I live in Roseau county and man are the ducks here we are heading out into a corn filed in the morning will keep you posted.


----------



## eyes to the skies (Mar 8, 2006)

talked to guys coming off of weaver bottoms sat morn we were bow huntung whitewater they said lots of divers very few mallards though. they had a mixed bag redheads cans bluebills ringnecks went by the landing 930 am birds in the air and steady shooting. stopped again at 1130 am and talked to the guys who just came off they said it looks like the recent cold front moved some birds down they were local guys


----------



## Pikeguy (Oct 16, 2006)

We hunt just North of the weaver bottoms on the WI side. We (3 guys) limited out in under 2 hours with a mixed bag of 8 different kinds of birds Saturday morning. I think the cold snap has definitely brought new birds into the area as well as some larger flocks of northern Mallards which I had not been seeing until Saturday


----------



## ruger1 (Aug 16, 2006)

Well Sunday was interesting.
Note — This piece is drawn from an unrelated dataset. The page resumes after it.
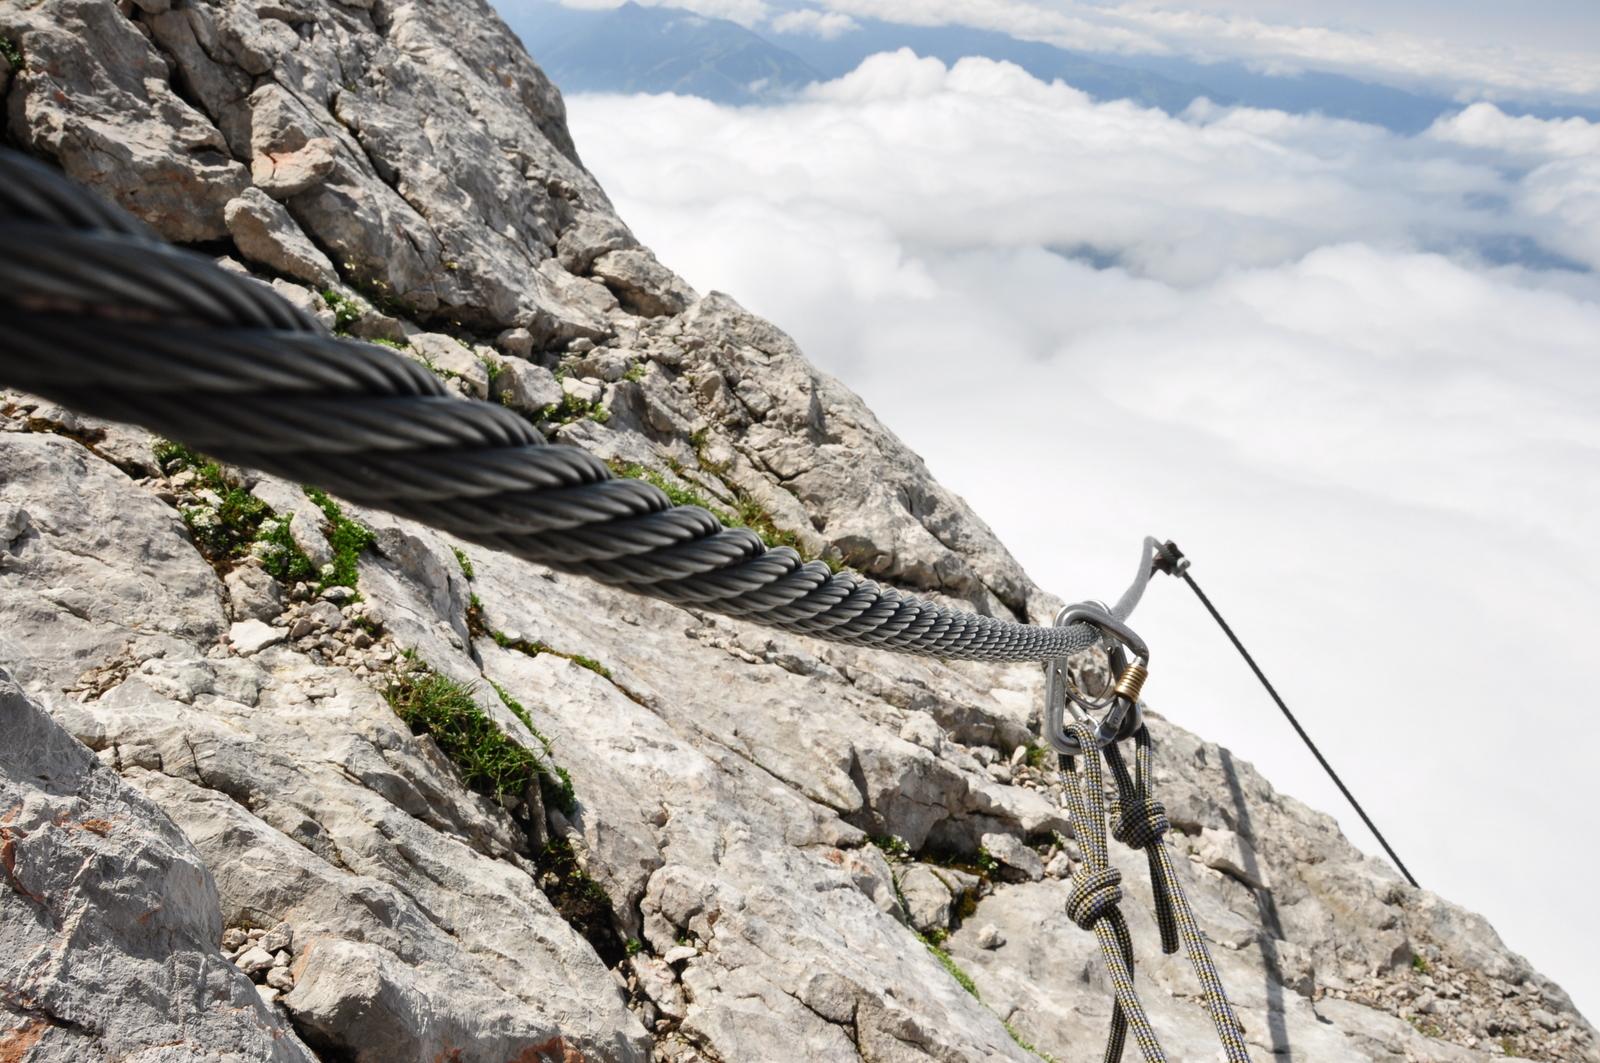 Klettersteigkurs am König der Steiermark
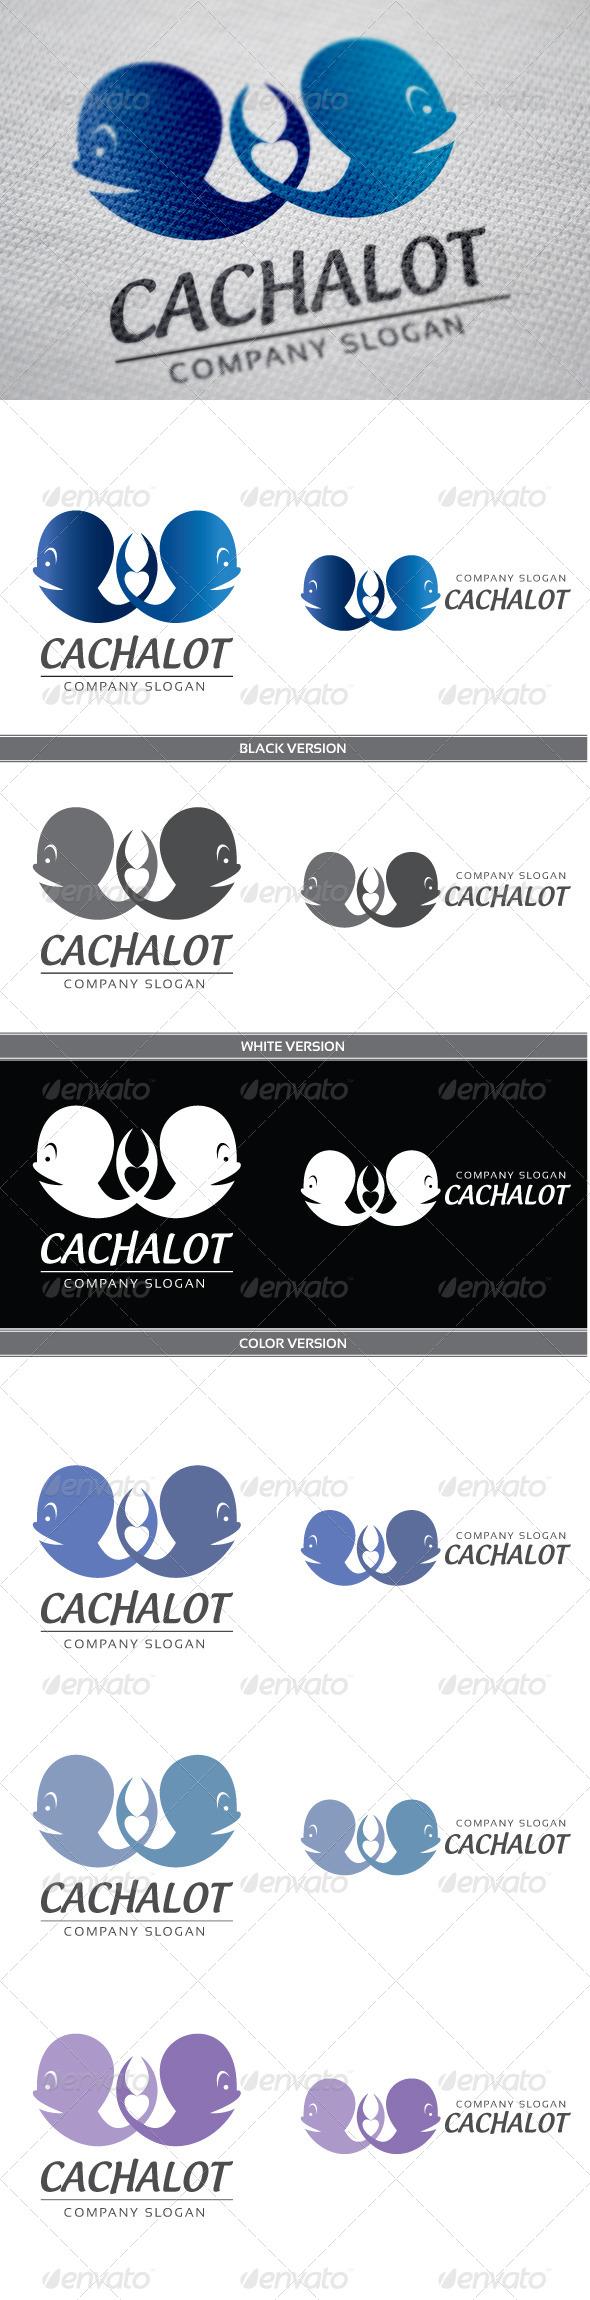 GraphicRiver Cachalot 3766516

We had to break about 1/2 inch of ice on one of our favorite lakes. If you could keep the landing zone open the shooting was great.

I was freezing over shortly after opening it up. Made for an interesting morning hunting. Man I love duck hunting. Shot Blue Bills, Ringnecks, and 1 Redhead.


----------



## R Buker (Oct 29, 2005)

Ducks all over the place now. Better than it's been in years.

My wife and I took mixed bag limits on both Sat and Sunday. Sunday we were done in the first 25 minutes!


----------



## Pikeguy (Oct 16, 2006)

R Buker said:


> Ducks all over the place now. Better than it's been in years.
> 
> My wife and I took mixed bag limits on both Sat and Sunday. Sunday we were done in the first 25 minutes!


Sounds like a good combination of alot of birds and a couple of pretty good shooters


----------



## R Buker (Oct 29, 2005)

I don't know about pretty good shooters but we did get lucky!

Fun though.


----------